En un informe reciente, el Servicio Climático de la Unión Europea ha revelado que, en el periodo de enero 2023 a enero 2024, el mundo superó los 1,5°C de calentamiento global, ocasionando que en muchos países se registren temperaturas por encima de las conocidas. Precisamente, en octubre de ese año, Bolivia alcanzó en promedio los 40,3°C llegando, en algunos municipios como Yacuiba, a los 45°C. En noviembre del año pasado, desde la ONU se advertía que, al ritmo actual, el mundo se dirige hacia un aumento de su temperatura media de entre 2,5ºC y 2,9ºC.
Las consecuencias del aumento de las temperaturas, generadas por el efecto invernadero y agravados en nuestra región por los fenómenos de El Niño y La Niña, son responsables de desastres naturales como la sequía y las inundaciones prolongadas que tienen un resultado dramático en la producción agrícola y pecuaria, los regímenes hidrológicos y la biodiversidad, lo que a su vez impacta significativamente en el aumento de la pobreza, la inseguridad alimentaria, daños a la salud y los servicios sanitarios, la migración y la desigualdad.
En el caso de Bolivia, el efecto es aún más crónico debido a la presencia de varios de los factores de riesgo y vulnerabilidad, como la crisis económica, la inestabilidad política, las migraciones internas, los patrones de urbanización, la explotación descontrolada e ilegal de los recursos naturales y la degradación ambiental.

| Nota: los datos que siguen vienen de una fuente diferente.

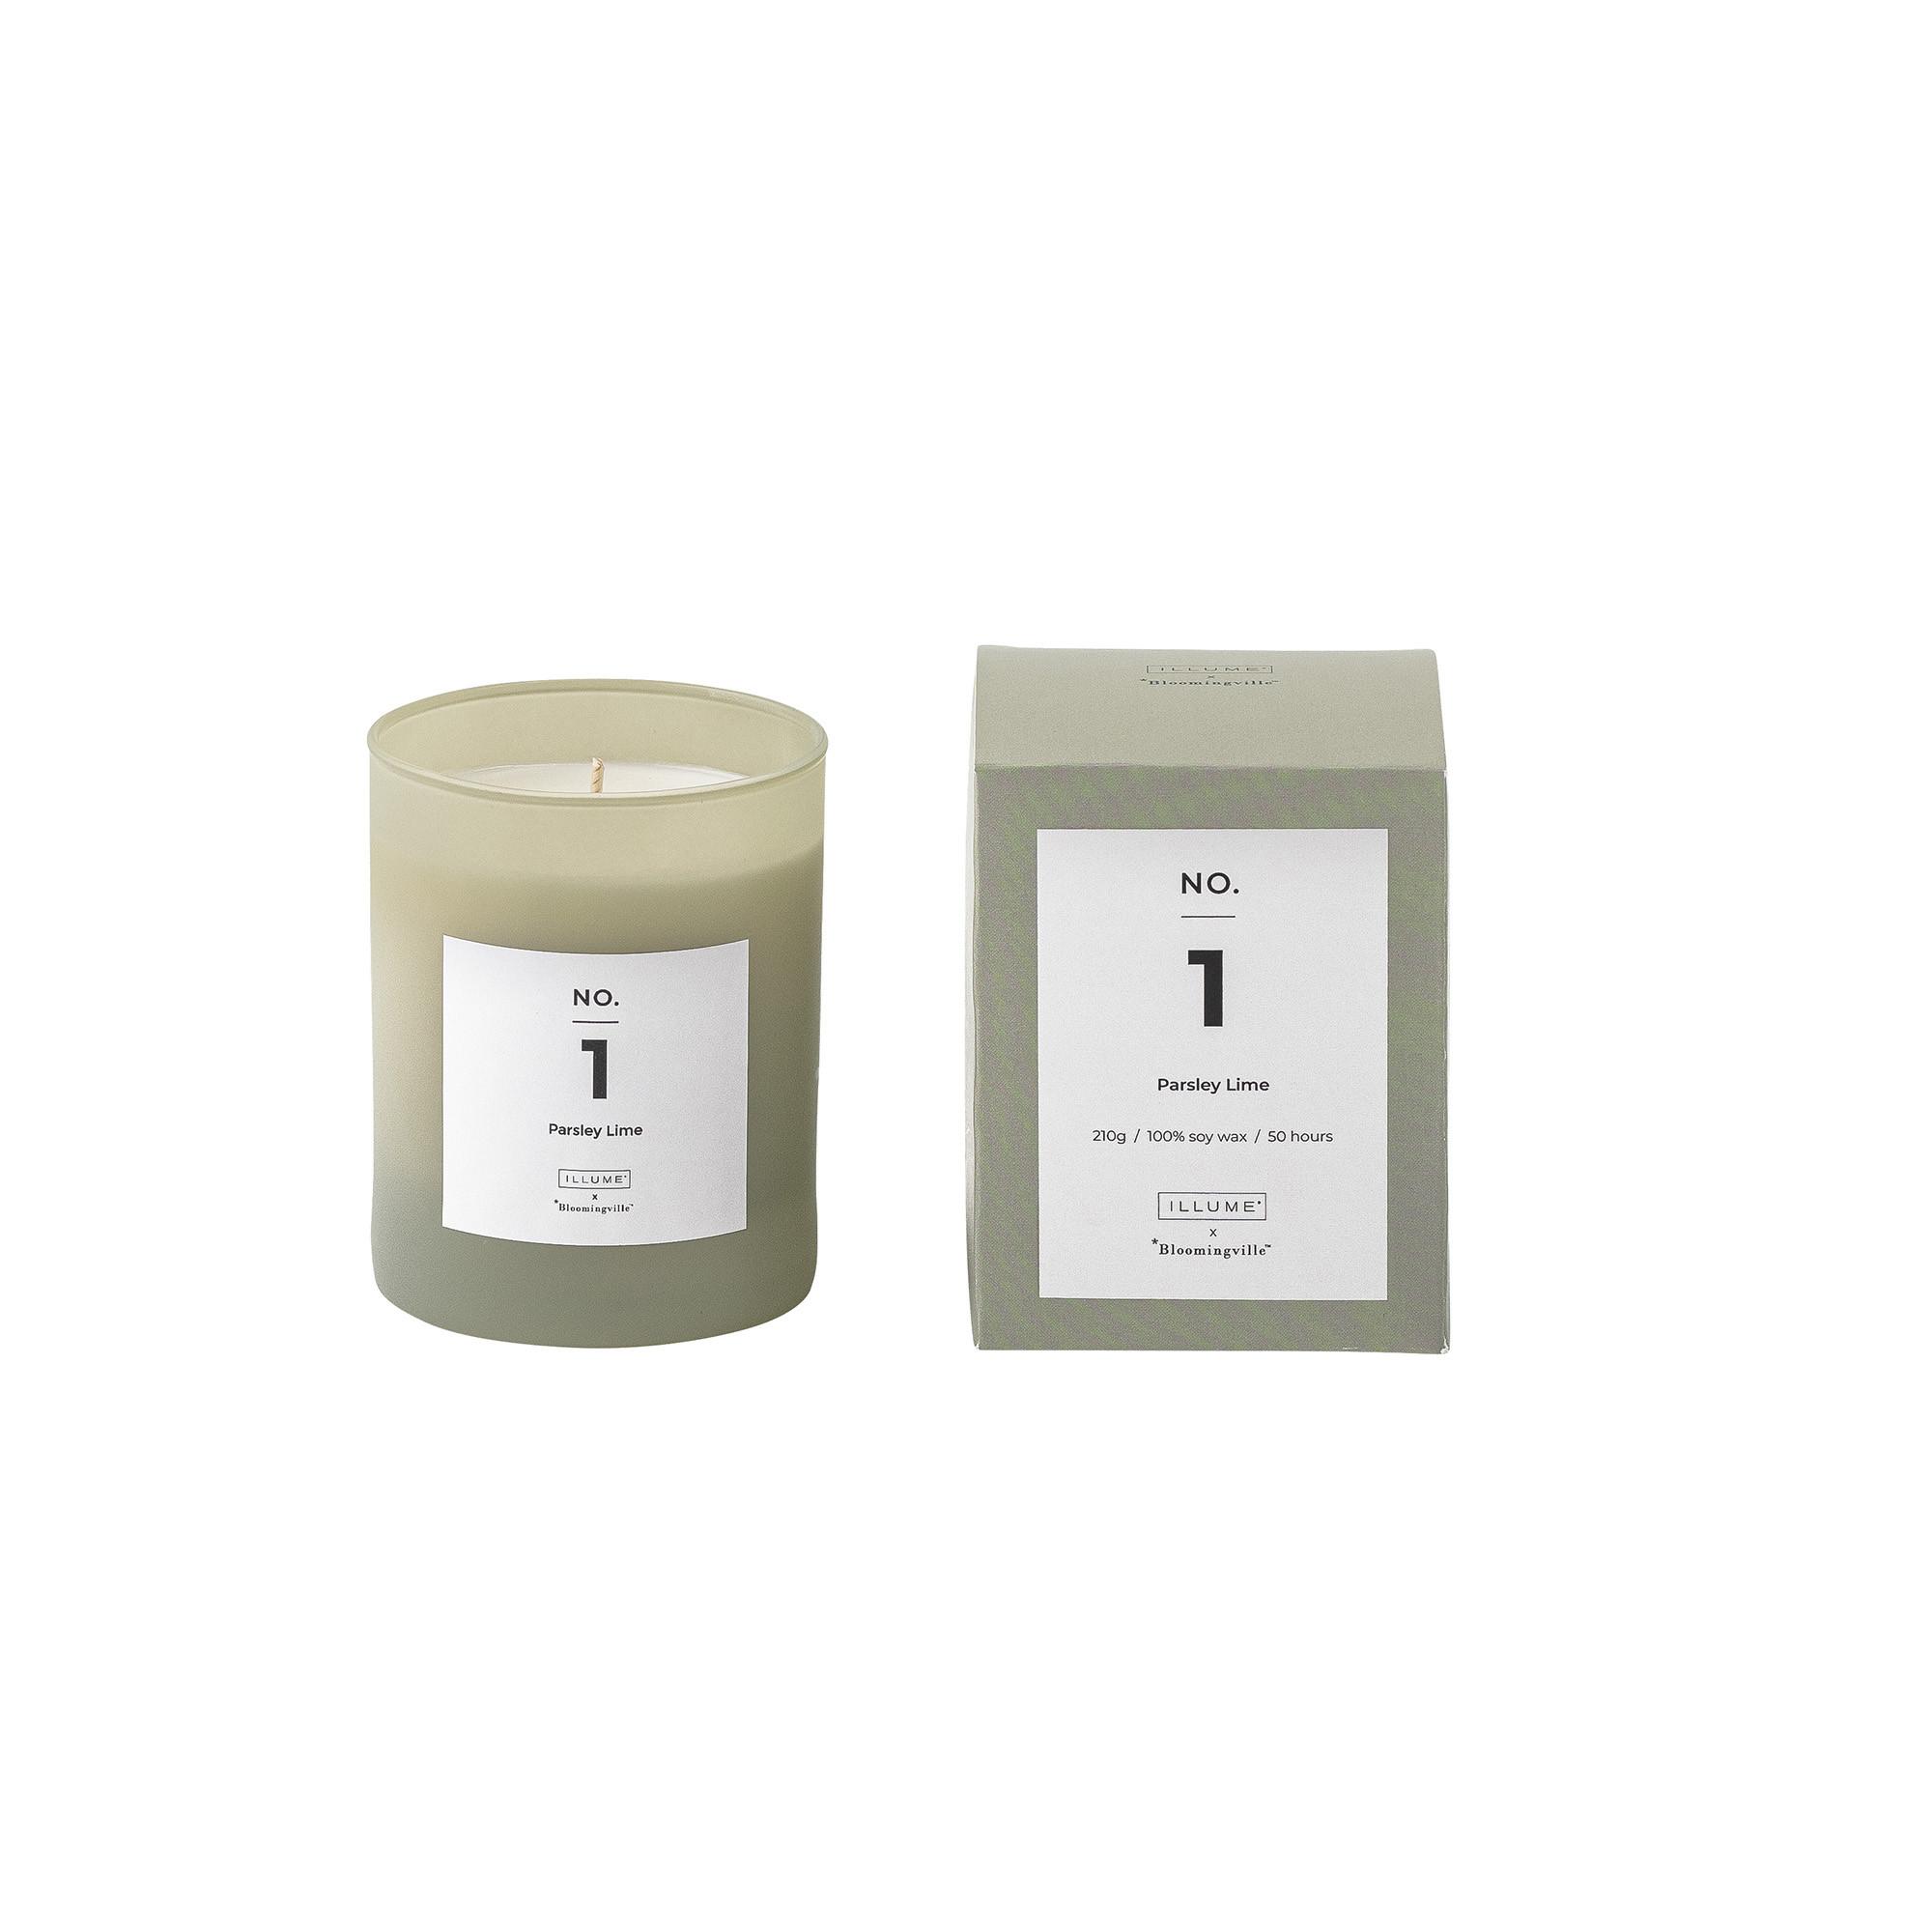 NO. 1 Duftlys – Parsley & Lime

El reporte EM-DAT, una base de datos mundialez sobre desastres naturales, administrado por la Universidad de Lovaina, señala que entre 1965 y 2020, Bolivia, experimentó 84 fenómenos meteorológicos extremos como sequías, inundaciones, incendios forestales, deslizamientos y olas de calor, que causaron daños por 3.700 millones de dólares, equivalentes al 9% del PIB actual.

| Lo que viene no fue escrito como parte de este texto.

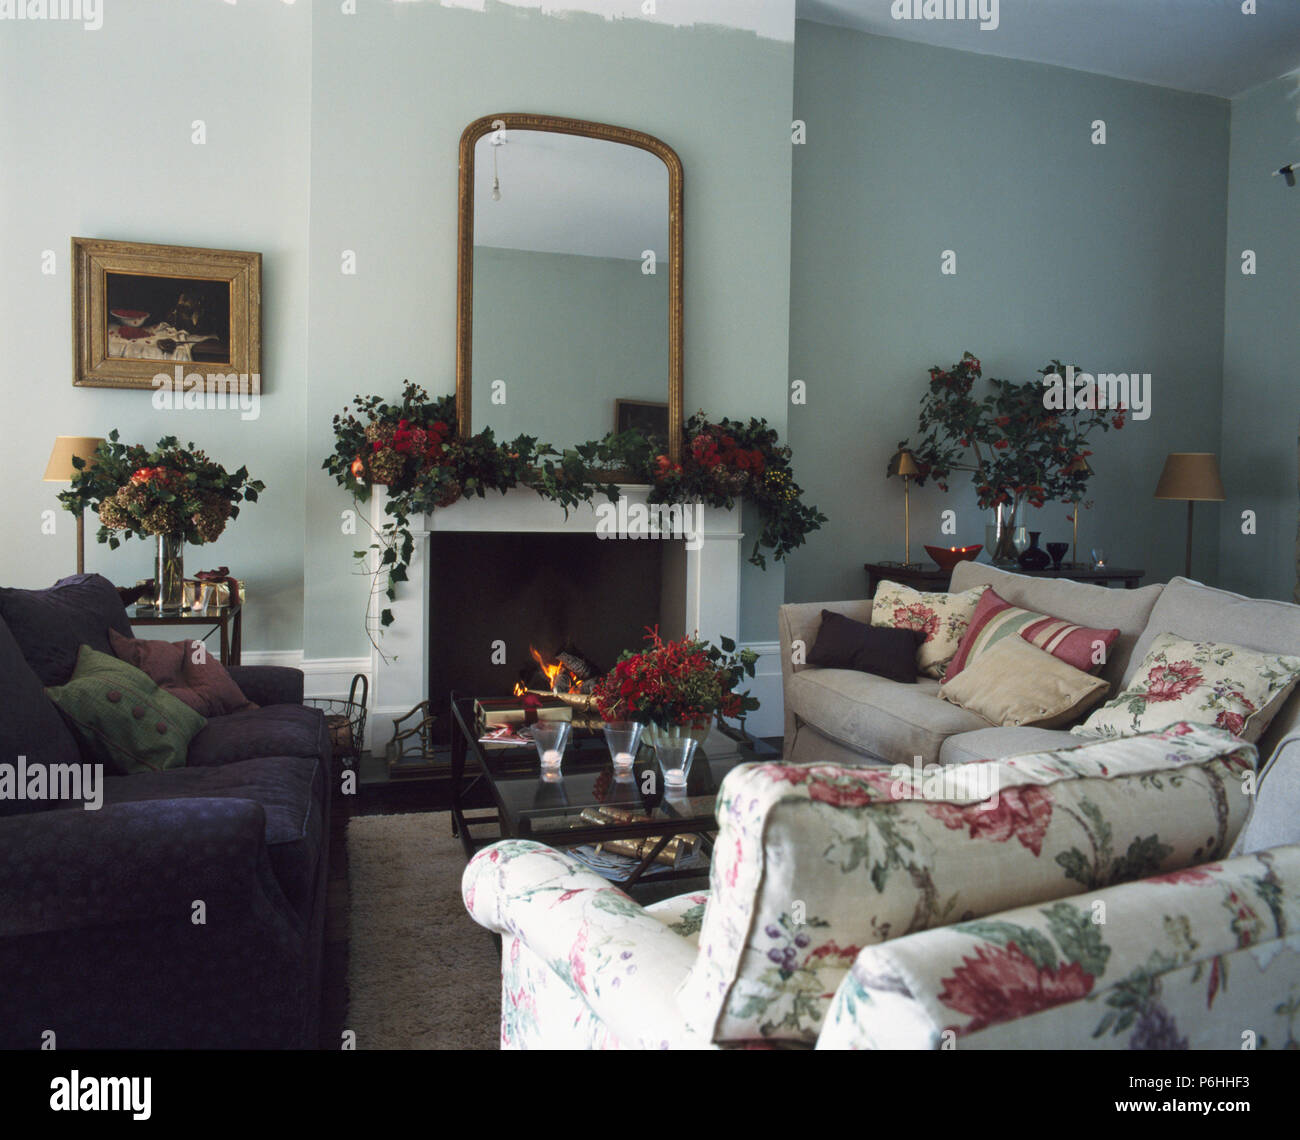 Living Room Uk Christmas Stock Photos & Living Room Uk

El año pasado nuestro país soportó una de las sequías más extremas en los últimos años. Siete departamentos presentaron una drástica caída en la disponibilidad de agua y 124 municipios con 550.000 familias se declararon en desastre. Debido además a que hemos perdido el 50% del área de los glaciares de la cordillera, el lago Titicaca descendió a su nivel histórico más bajo; las represas que alimentan la ciudad de Potosí casi desaparecieron y las de El Alto perdieron tanta agua que fue necesario el racionamiento.

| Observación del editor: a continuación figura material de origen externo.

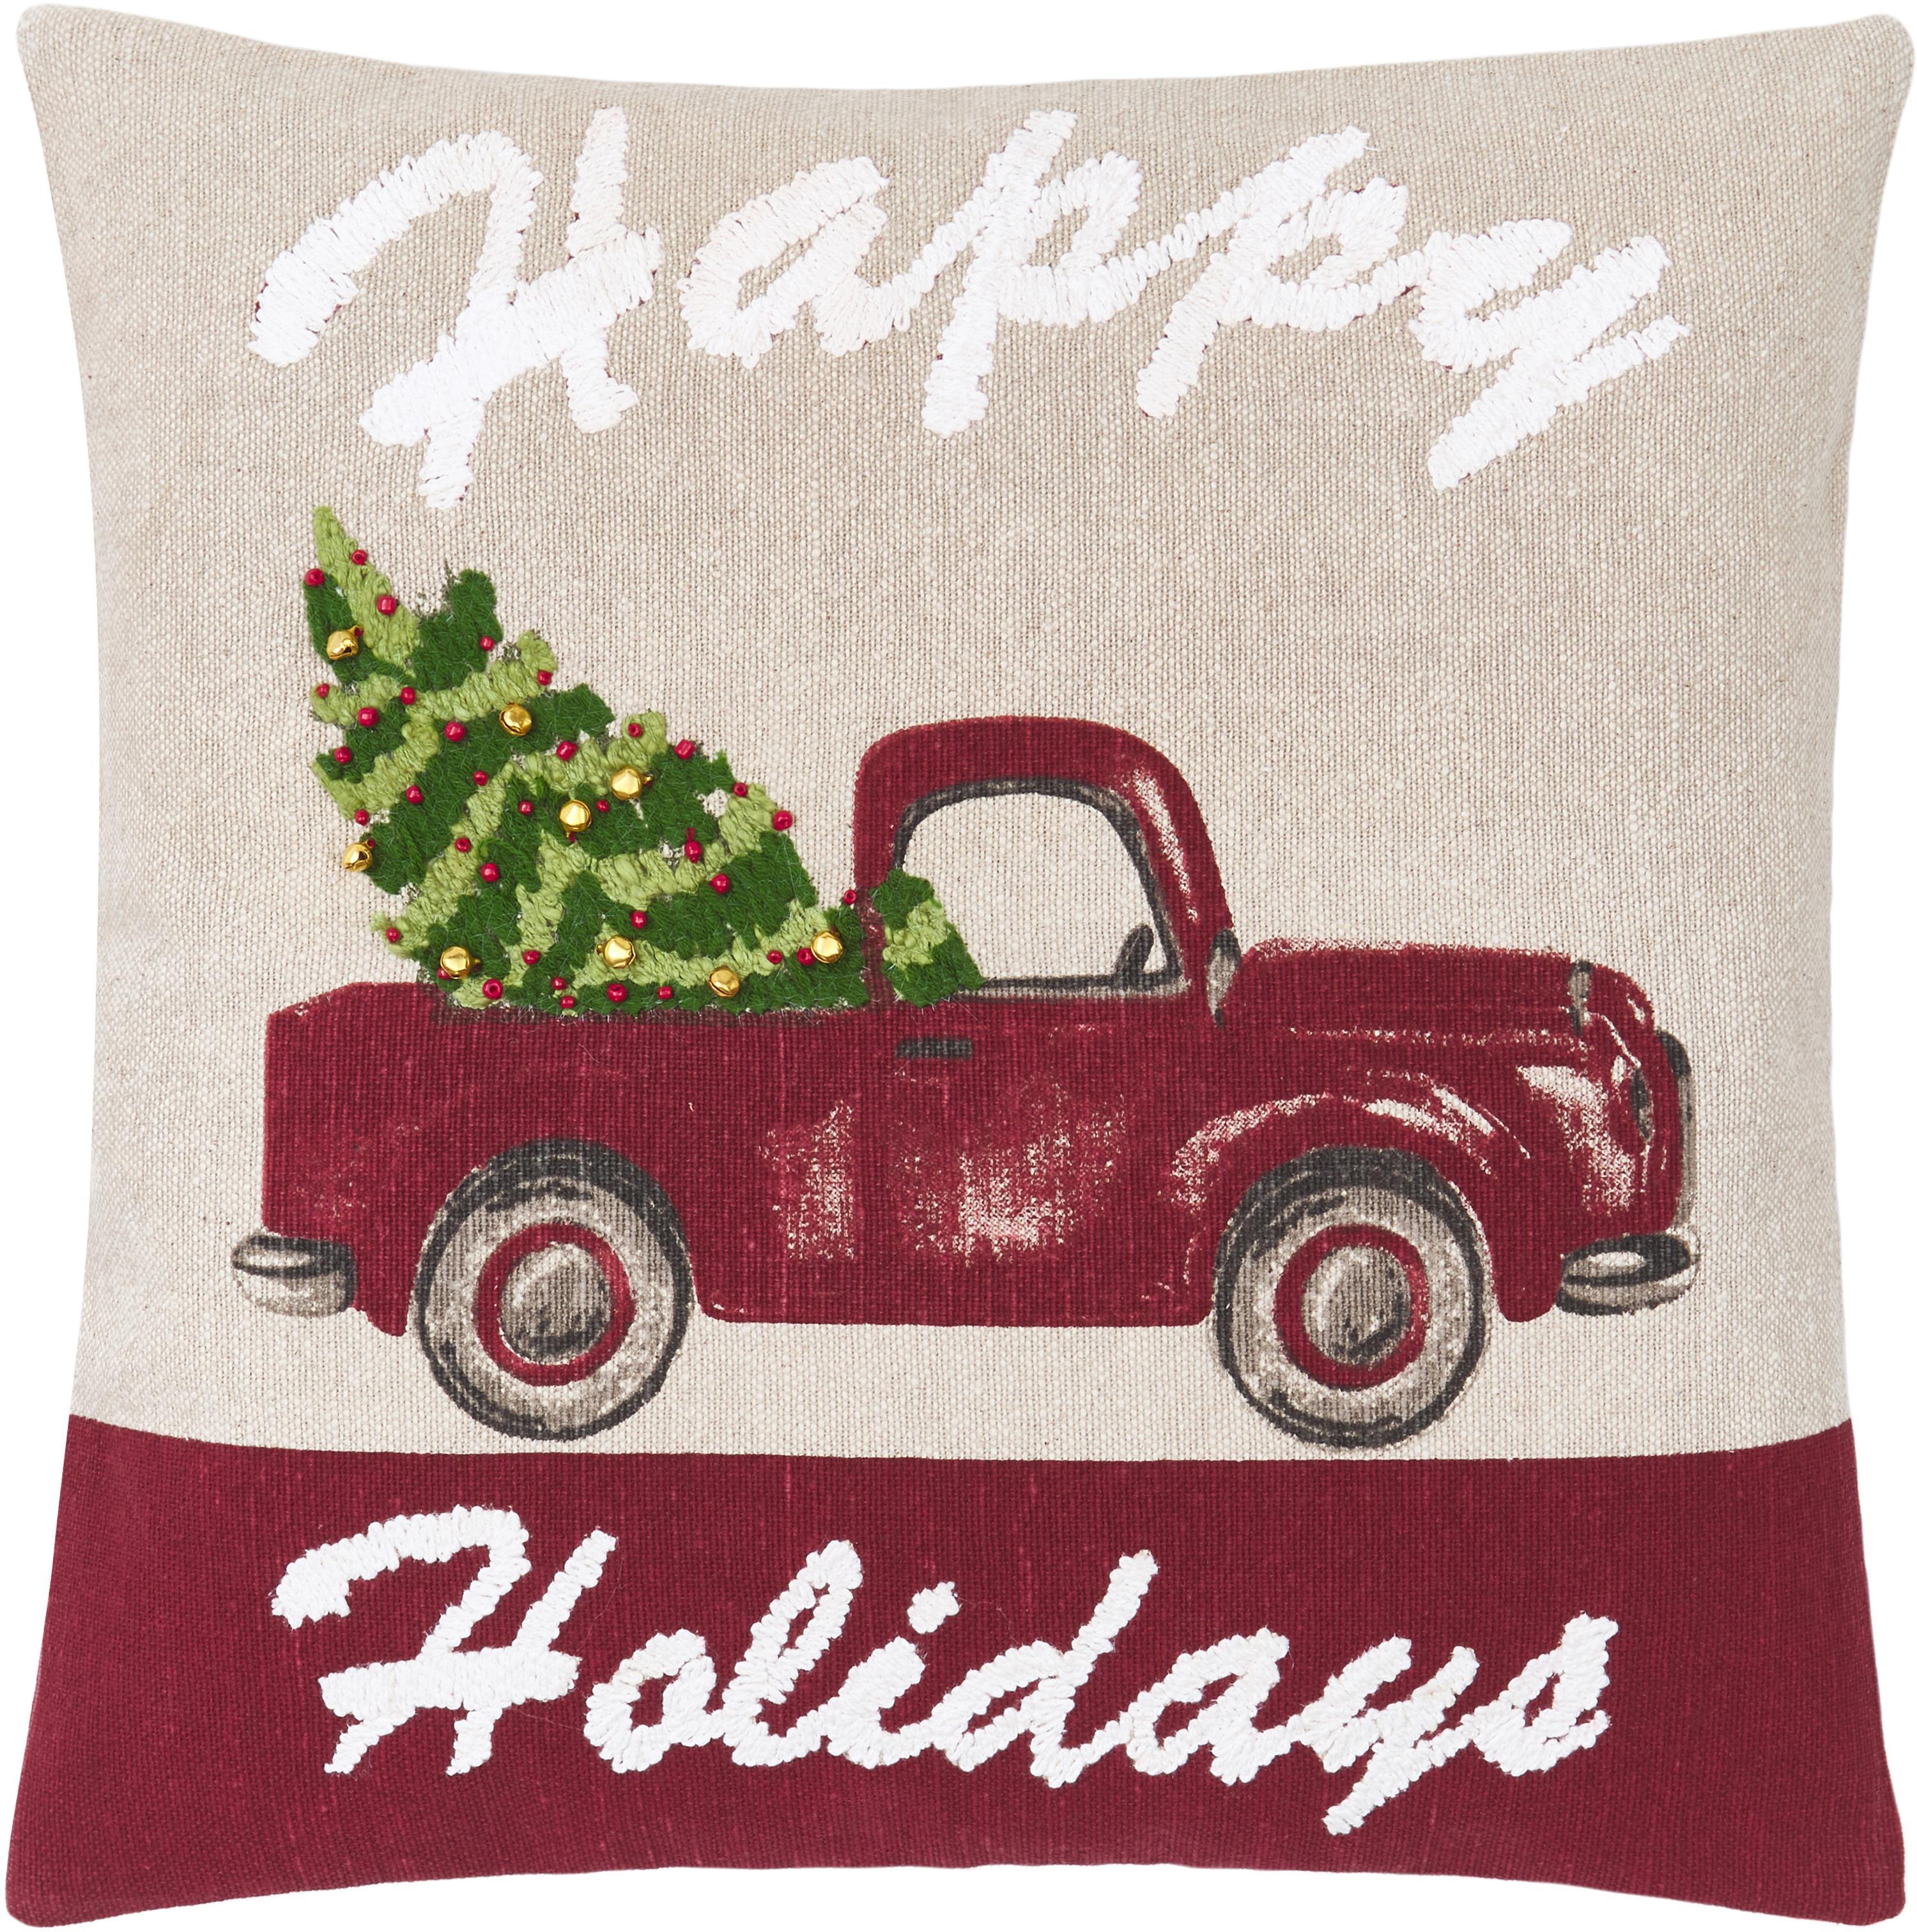 Funda de cojín Happy Holidays, Algodón, Beige, rojo, verde, An 45 x L 45 cm

Cerca del 70% de los cultivos de granos, especialmente quinua, se dañaron y más de 100.000 cabezas de ganado fueron afectadas. Sin embargo, algunos especialistas estiman que la situación en 2024 podría empeorar ya que el país transita hacia el fenómeno de El Niño, caracterizado por la falta de lluvias.
Uno de los mayores problemas es que, pese a que Bolivia está entre los países con mayor disponibilidad de agua en el mundo, posee un déficit anual que afecta al 13% de la población urbana y al 38% de la población rural; además, es el país con menor capacidad de almacenamiento en embalses de agua de la región.
A diferencia de las crisis políticas e incluso económicas, que se solucionan con el diálogo, este es un problema irreversible cuyo impacto solo puede mitigarse en sus efectos y en la capacidad de prevención, resiliencia y adaptación.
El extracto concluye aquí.